Right. Instead of scanning by line, I scan once over the whole text without splitting it into lines. I do the line bookkeeping when I see a \n
I’m worried about the garbage being created on every call to parinfer by taking the document and splitting it into lines.
On the JVM that used to re-use the same character array, but it now copies it instead.
i think that’s feasible
the last version changed removeParenTrail
it used to remove the paren trail after processing every line
it’s now just popParenTrail
, modifies the paren stack
It would also mean that you wouldn’t need the getLineEnding thing to re-join the lines.
anyway, no unnecessary modifications, and you can watch all line modifications at replaceWithinLine
function
interesting
And it is probably feasible to apply the changes in whichever way is friendliest to the JS garbage collector.
I like this
I’m actually very impressed with how well V8 handles all the string concatenation though.
Anyway, I’m hoping to have it working this afternoon with a bit of luck, and we can see if we like it at that stage.
As an aside, I’m using http://wallabyjs.com to make the change, it’s lovely.
was it slow when splitting lines?
I’m not sure. I don’t know whether the JS engines re-use the backing char array or not.
The JVM used to but then they changed it since apparently people would often hold onto small substrings of very large backing arrays, which caused memory problems.
But I’m not just thinking about memory pressure, I suspect that in practice applying diffs will be much better for performance in text editors, although I have no idea how to benchmark that.
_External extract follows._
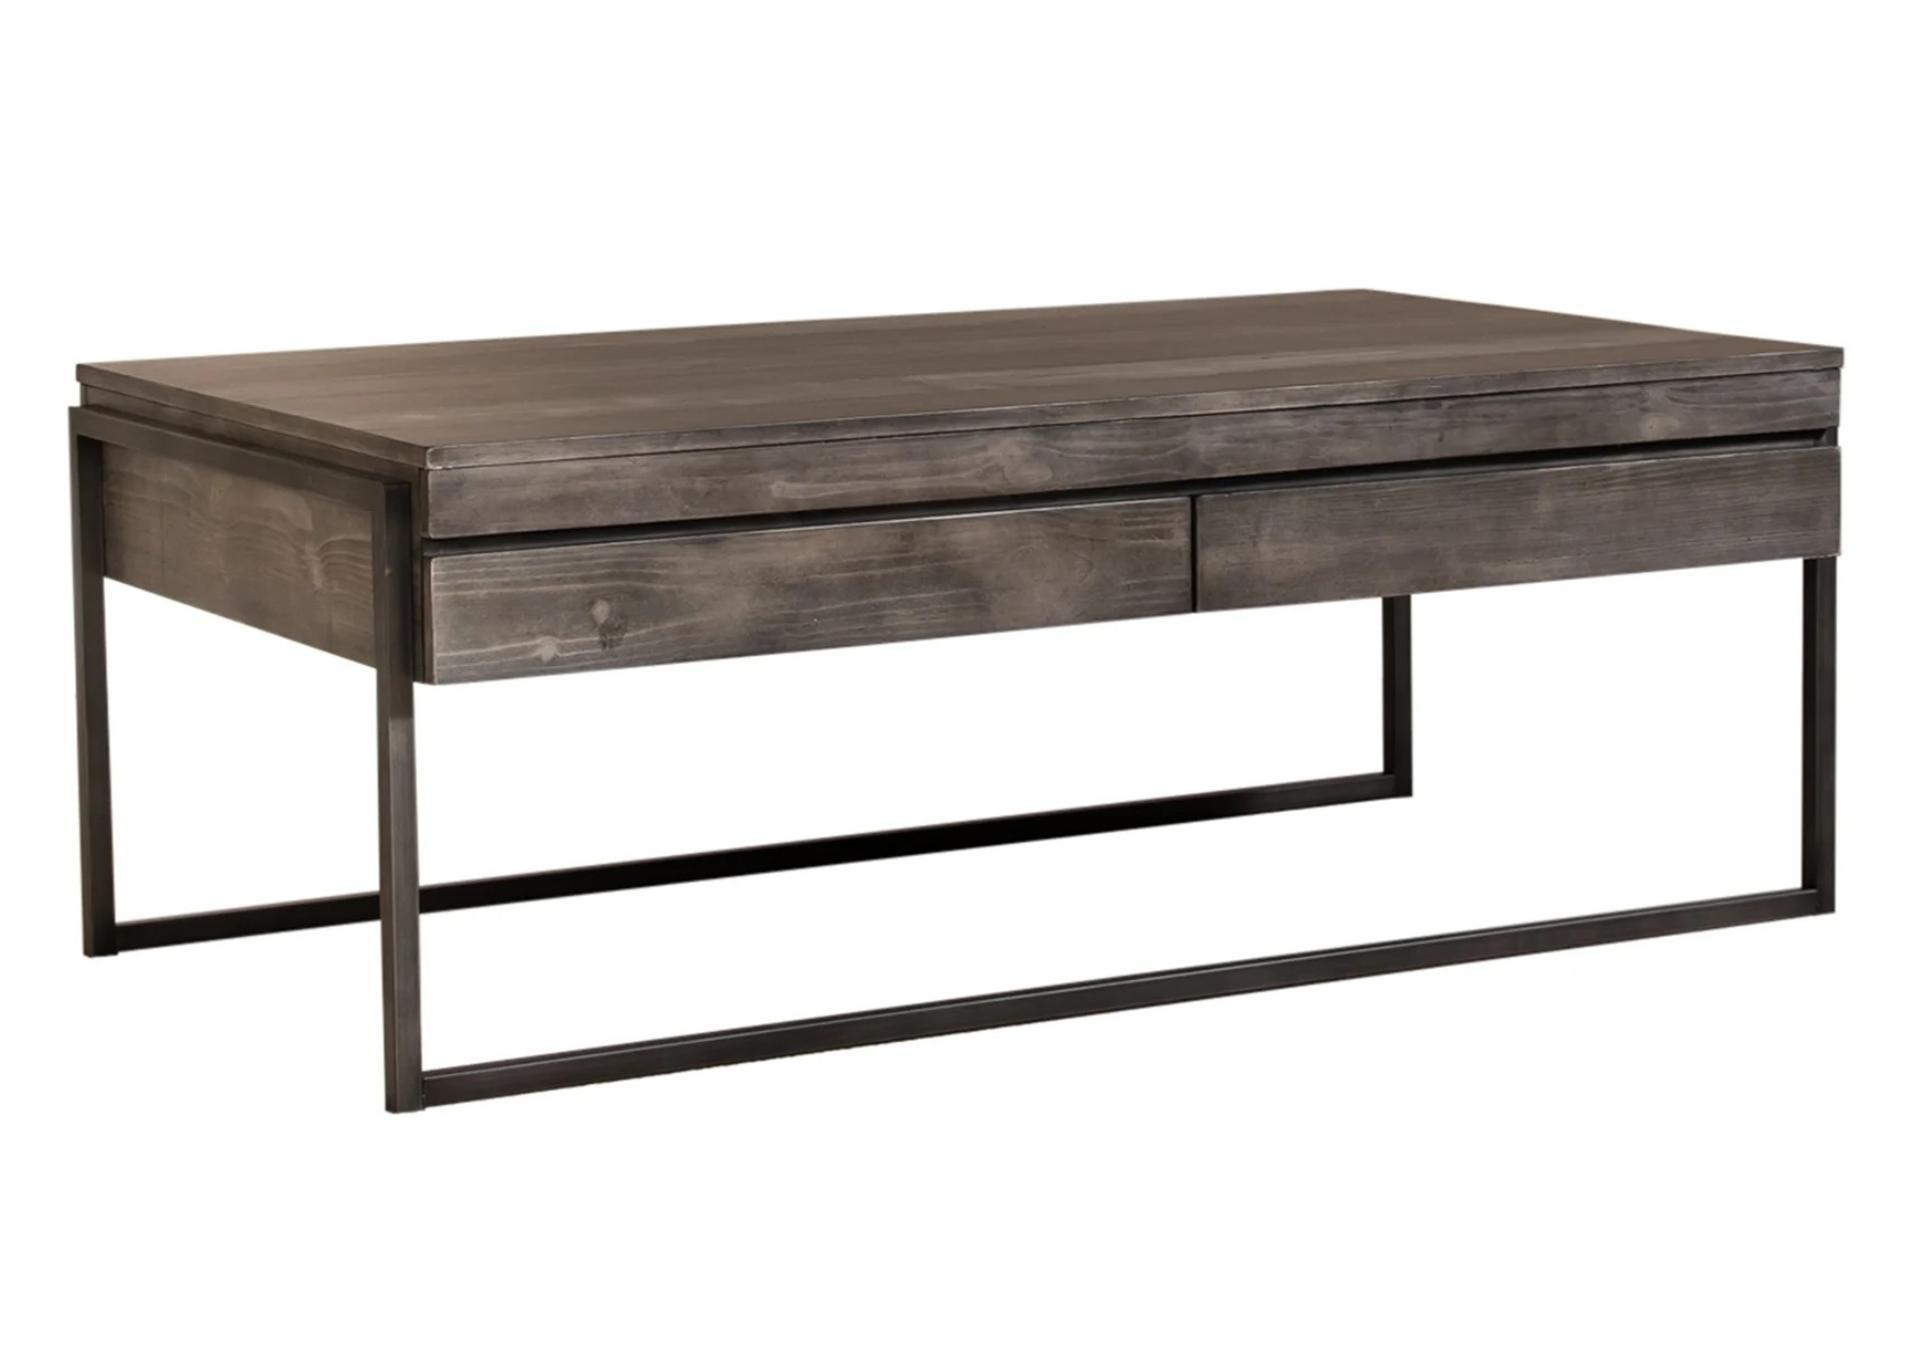 GATEWAY COCKTAIL TABLE,LIBERTY FURNITURE

i’m really liking the delta idea
are you trying this in parinfer.js first?
with wallaby somehow?
You’ll be pleased to hear that Wallaby shows great test coverage too, only a couple of edge cases not covered (tabs and \r\n
)
awesome, would love to try this
yeah, i sort of changed my testing philosophy in parinfer, just focusing on the core inference stuff
yeah, if you have time to share that
need to step out for an hour
awesome change btw if we can get that in
haha, i don’t mind that
i’ll be moving to parinfer soon anyway
atom*
@shaunlebron: Actually, one more advantage of the deltas is that you don’t actually need to track cursor or selection position - they’ll automatically be updated by the editor as the text is modified.
@cfleming: mind blown
lol, yeah, the editor should totally take care of that. way simpler
I had hoped that all edits would be applied to the document in source order, but that’s not the case.